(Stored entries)
-------
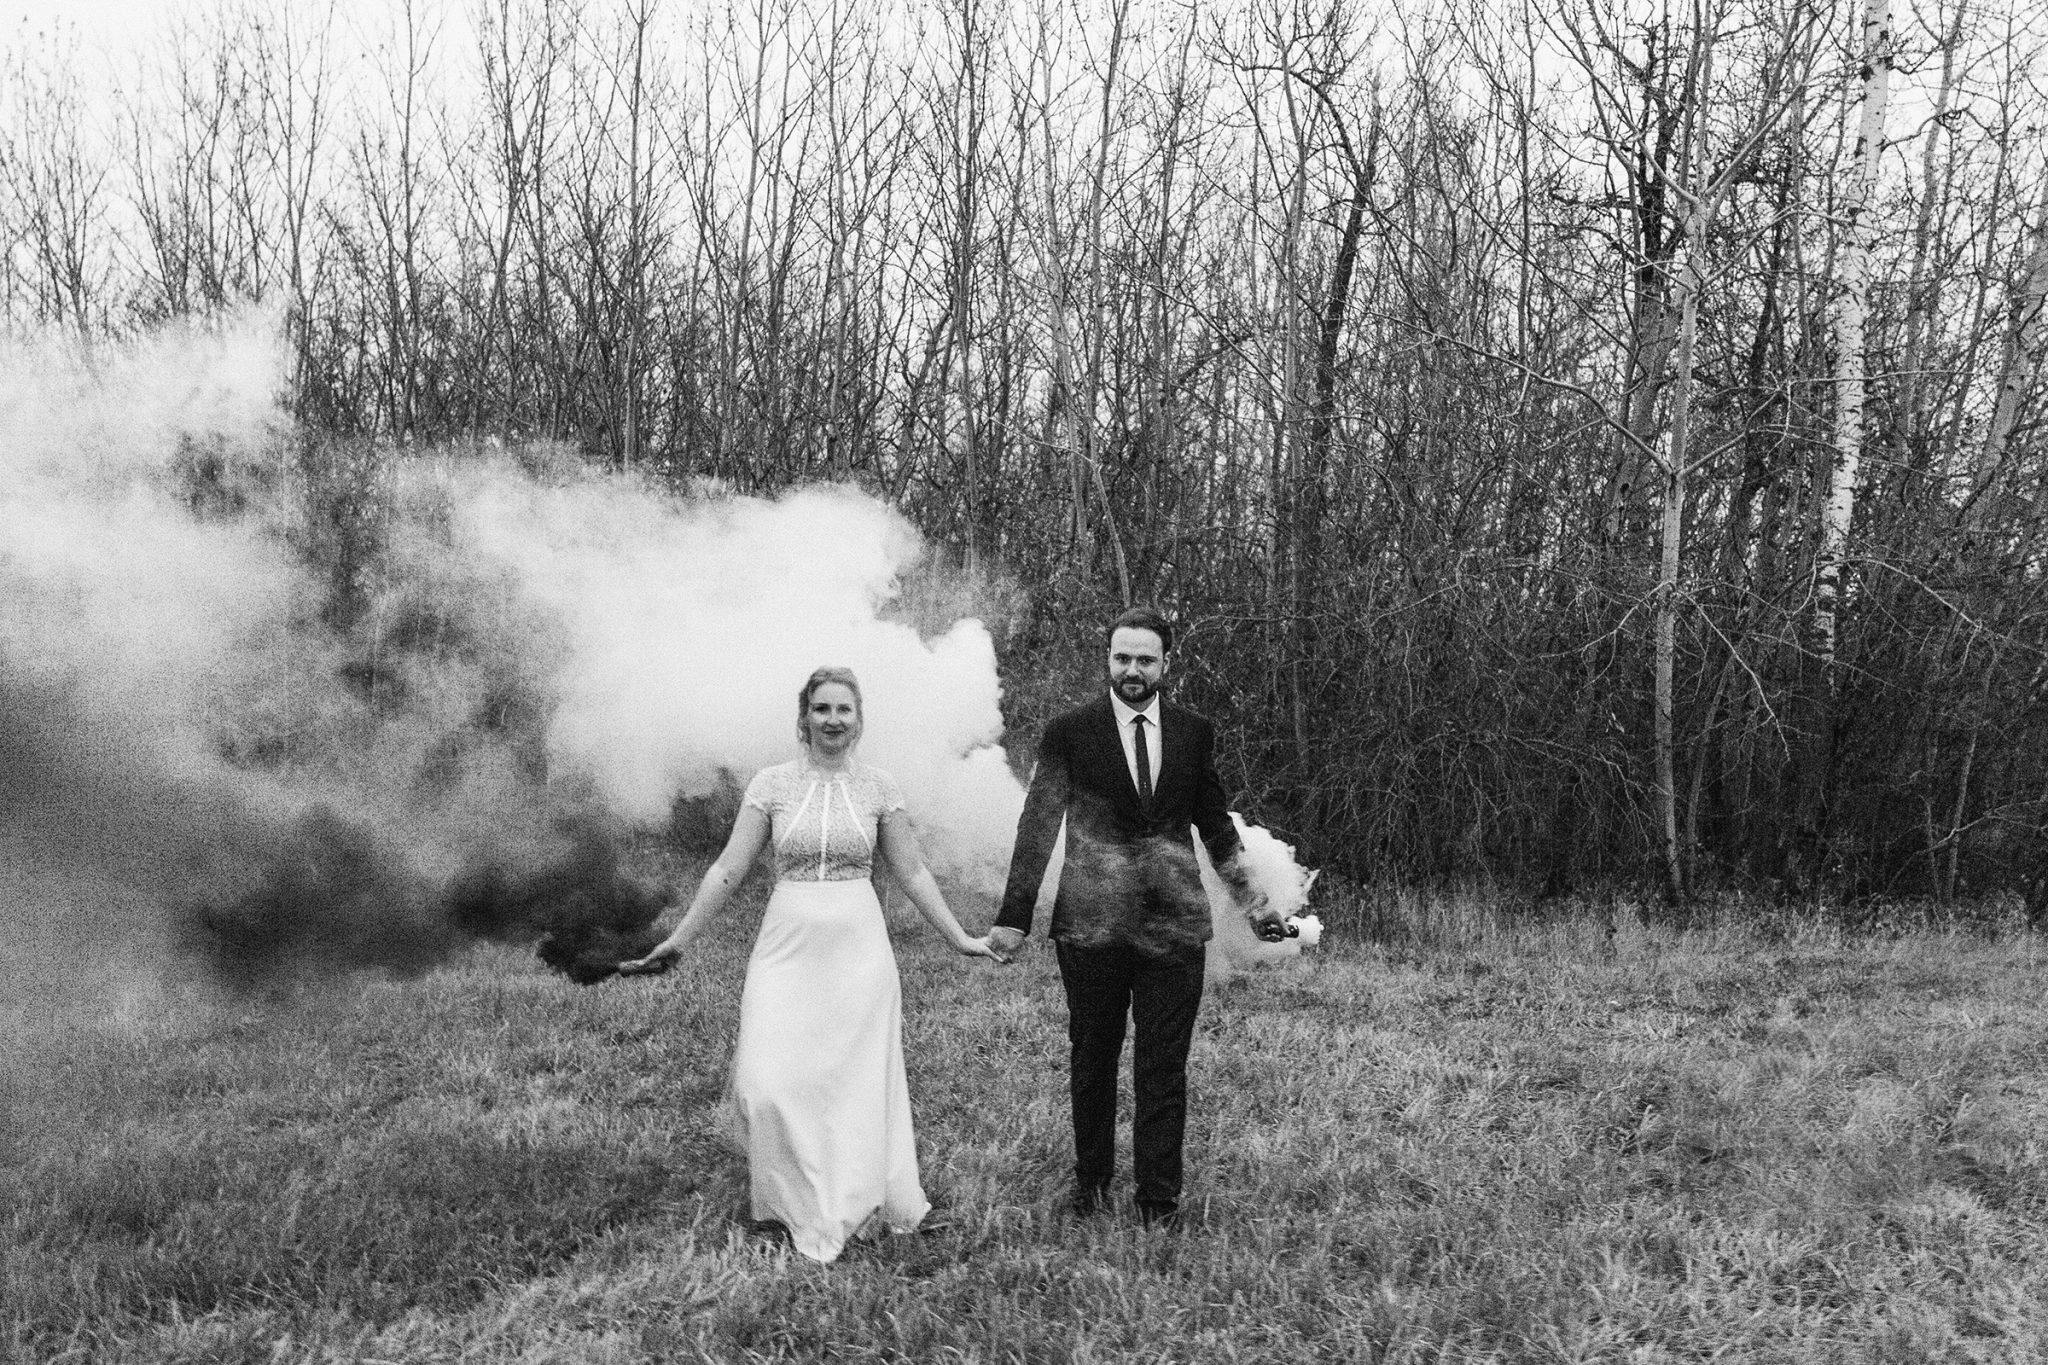 Black and white portrait of a bride and groom with smoke bombs in an autumn field
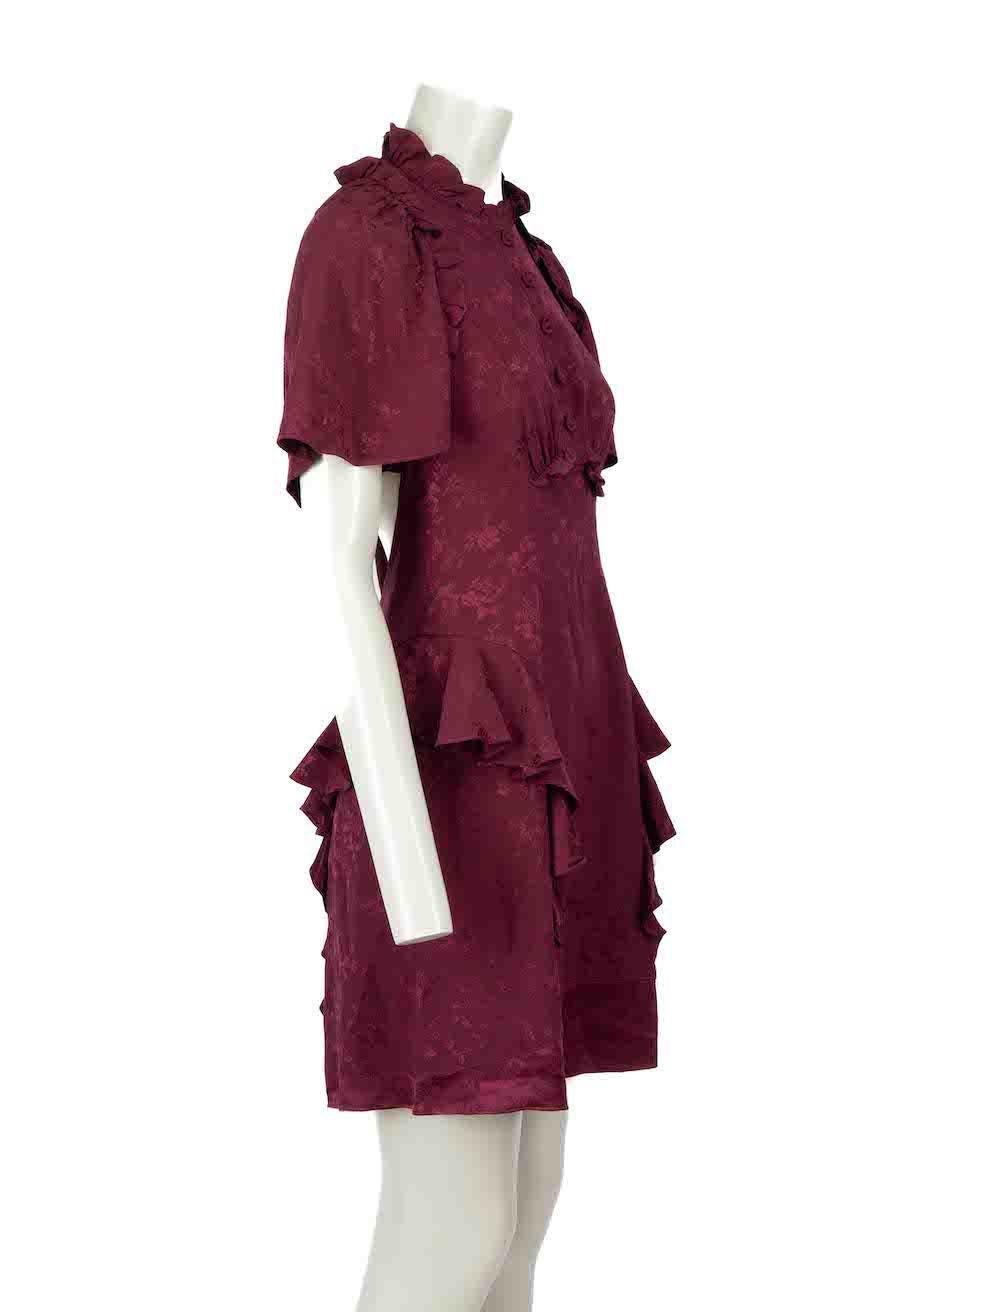 CONDITION is Never worn. No visible wear to dress is evident on this new Mayle designer resale item.

Details
Burgundy
Silk
Mini dress
Floral jacquard pattern
Round neckline
Open back
Front and back button up closure
Ruffles accent

Made in China
-------
# Exercise aim
Your task is to set down every entry exactly, leaving out any picture it contains.

# Written answer
 Black and white portrait of a bride and groom with smoke bombs in an autumn field
 CONDITION is Never worn. No visible wear to dress is evident on this new Mayle designer resale item.

Details
Burgundy
Silk
Mini dress
Floral jacquard pattern
Round neckline
Open back
Front and back button up closure
Ruffles accent

Made in China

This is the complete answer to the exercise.